Provided data>
○ ○ ○ ○ ○ ○ ○

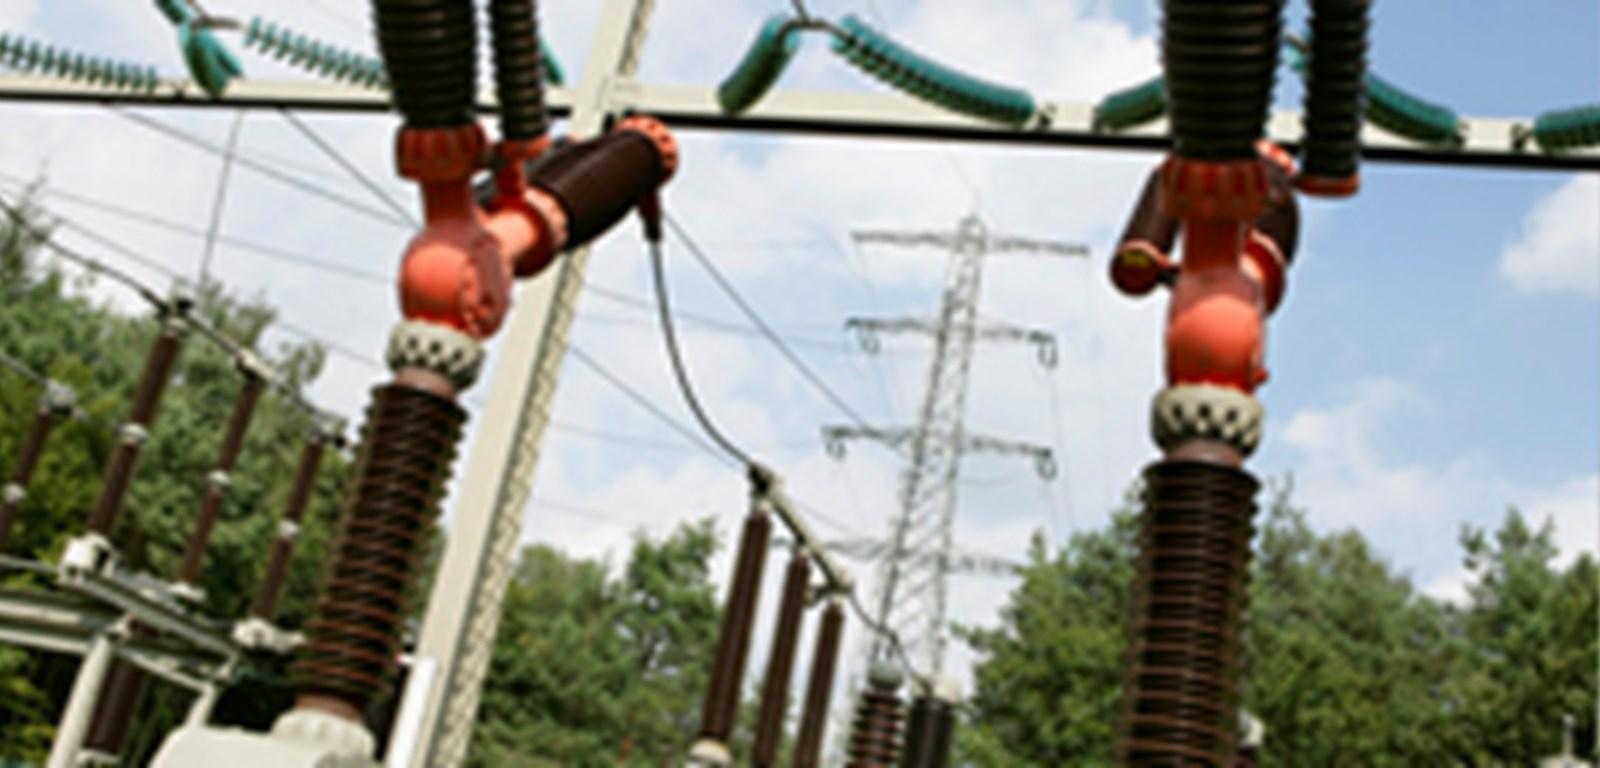 Onderzoek naar kwaliteit elektriciteitsvoorziening in Nederland
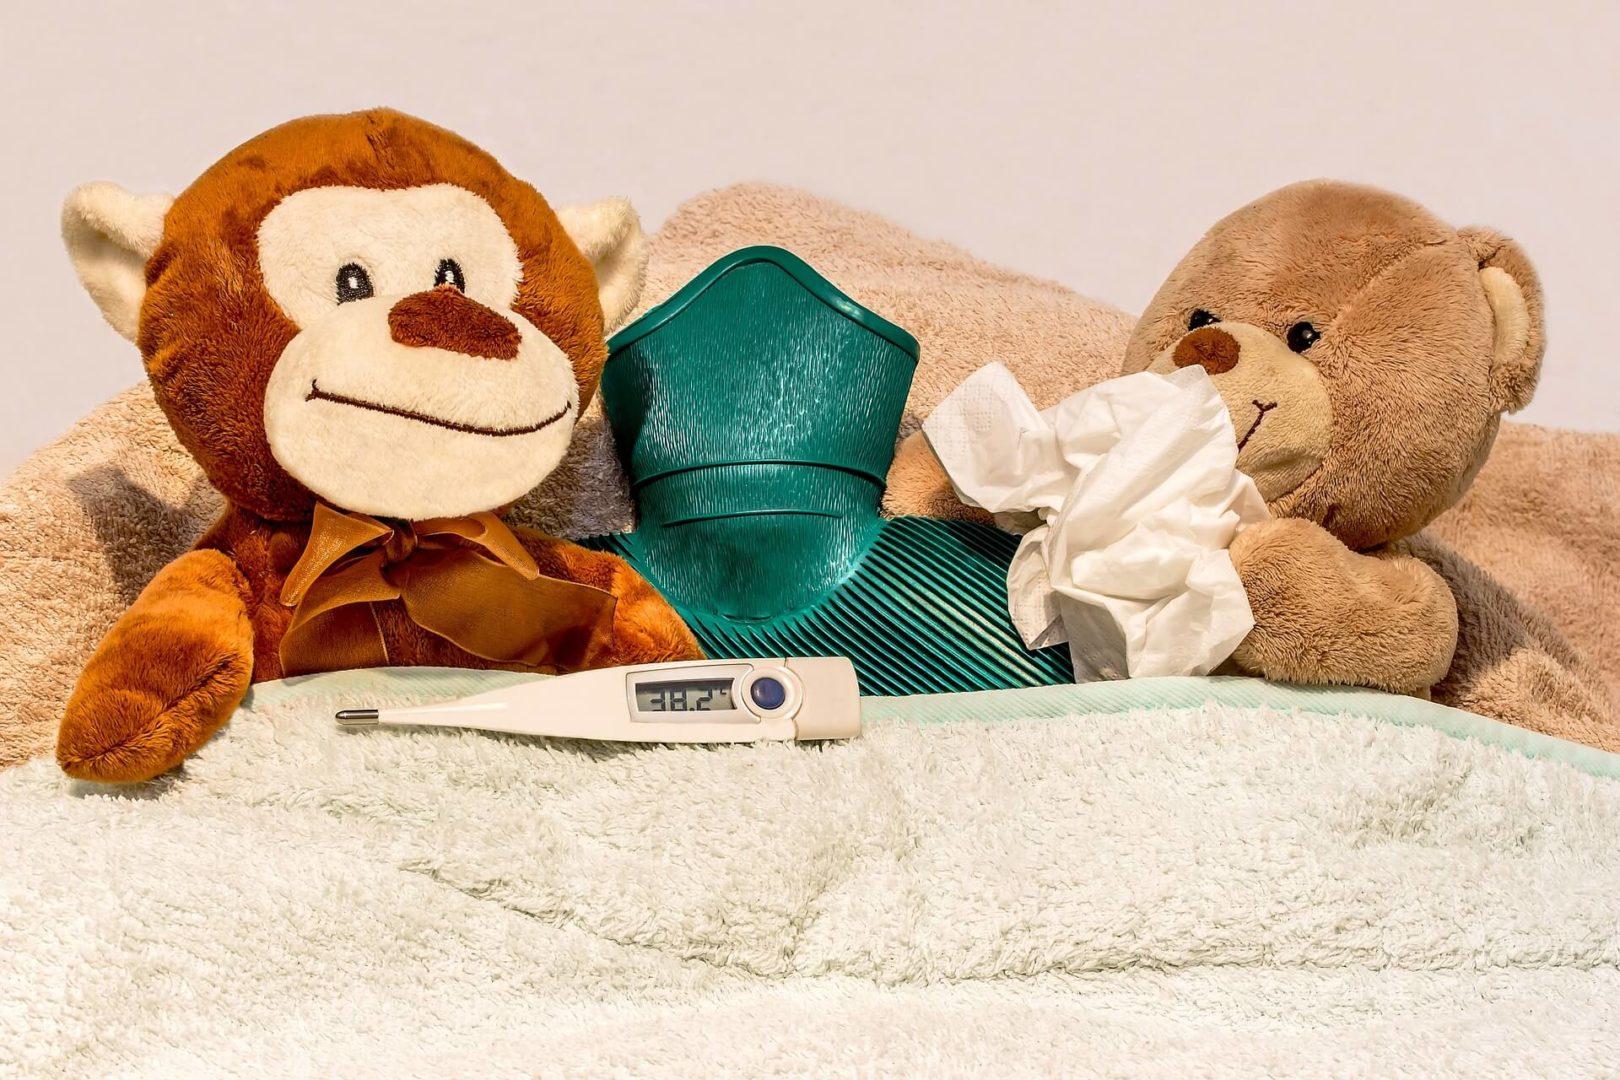 Urządzenia dla pielęgnacji niemowlaków
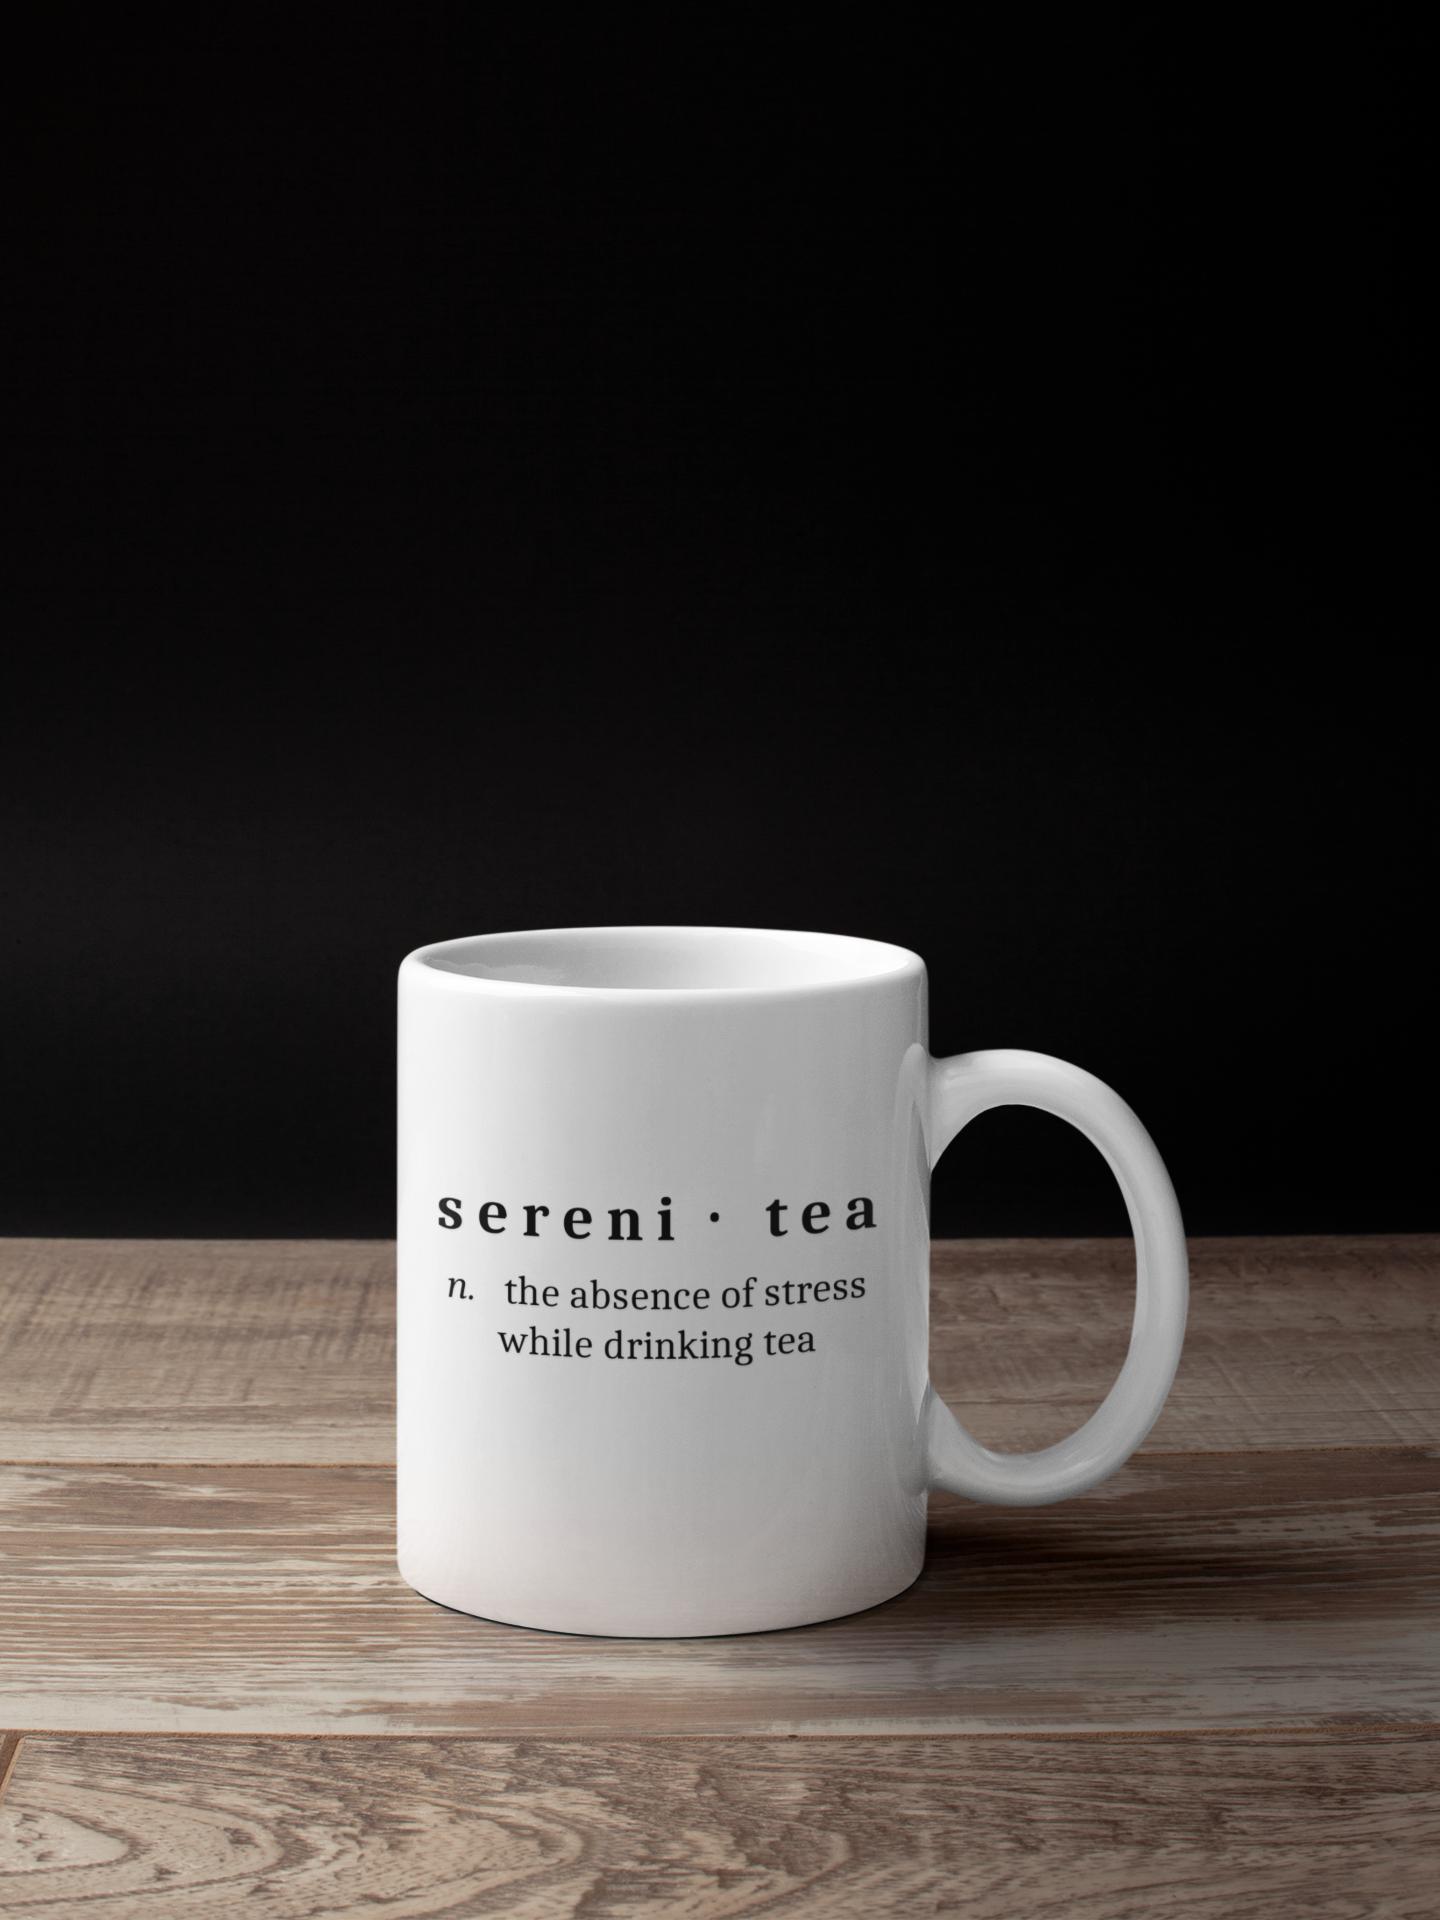 Serenitea Definition Mug Art By Amw
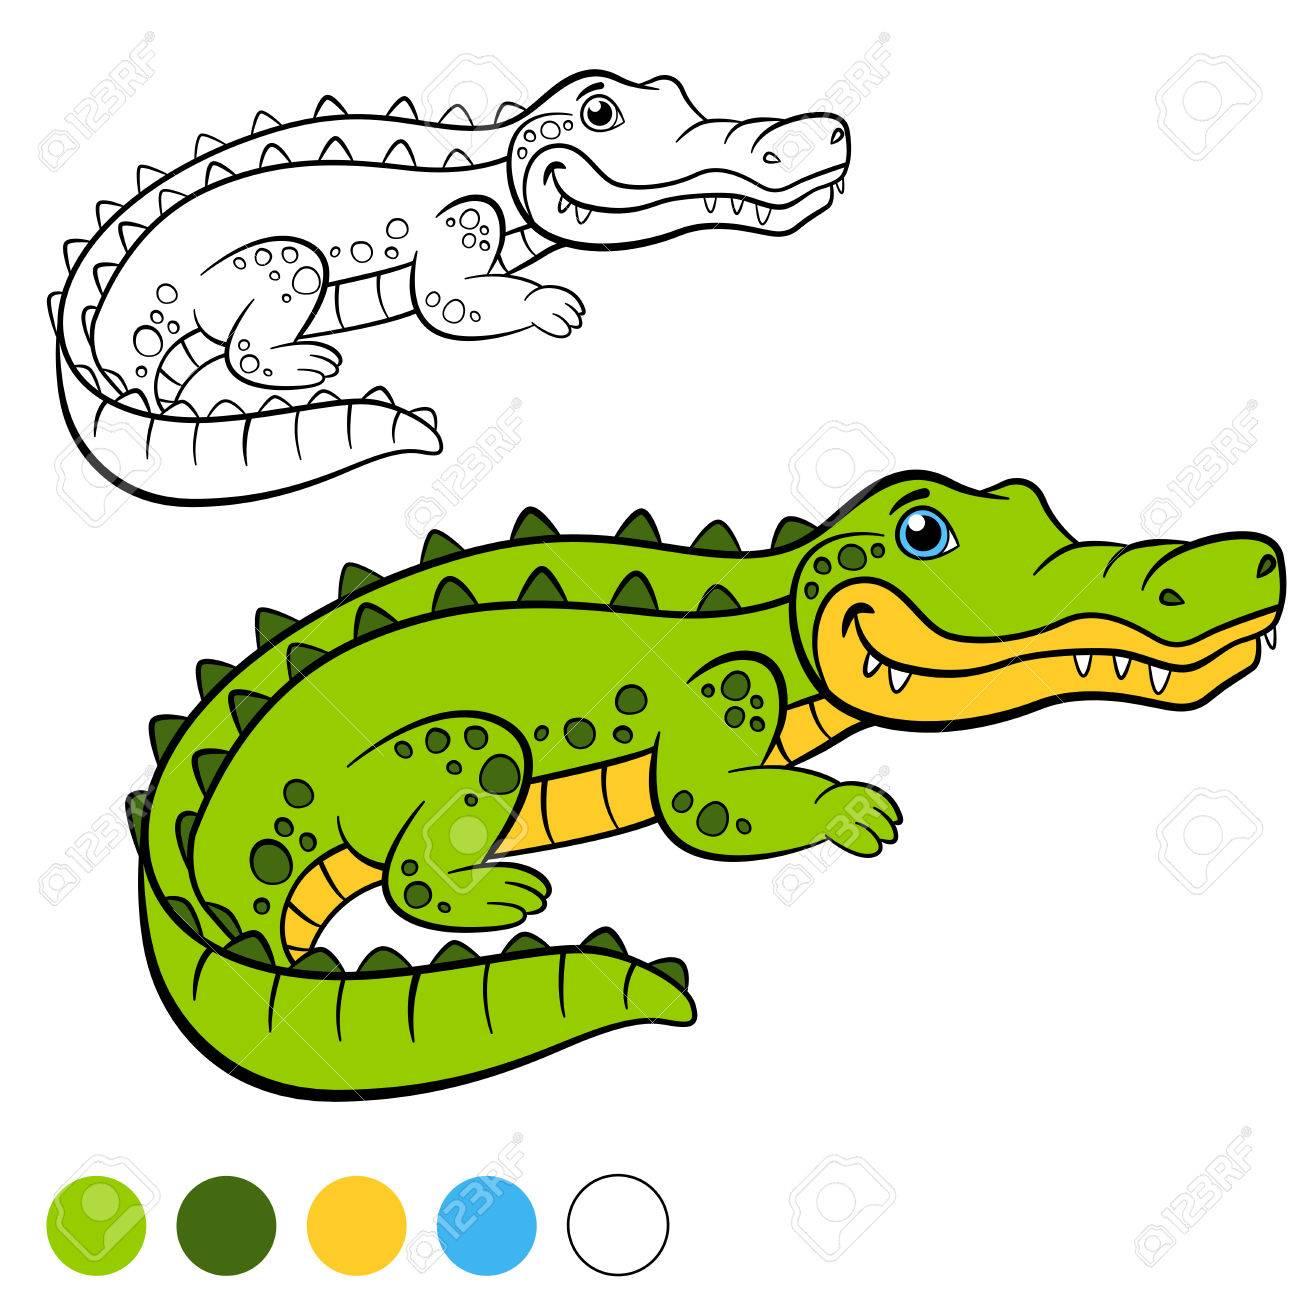 Dibujo Para Colorear Color Me Cocodrilo Pequeños Lindo Sonrisas Alligator Visto

○ ○ ○ ○ ○ ○ ○

Problem statement> Restate all of the data word for word and include no pictures.

Solution to this task>
 Onderzoek naar kwaliteit elektriciteitsvoorziening in Nederland
 Urządzenia dla pielęgnacji niemowlaków
 Serenitea Definition Mug Art By Amw
 Dibujo Para Colorear Color Me Cocodrilo Pequeños Lindo Sonrisas Alligator Visto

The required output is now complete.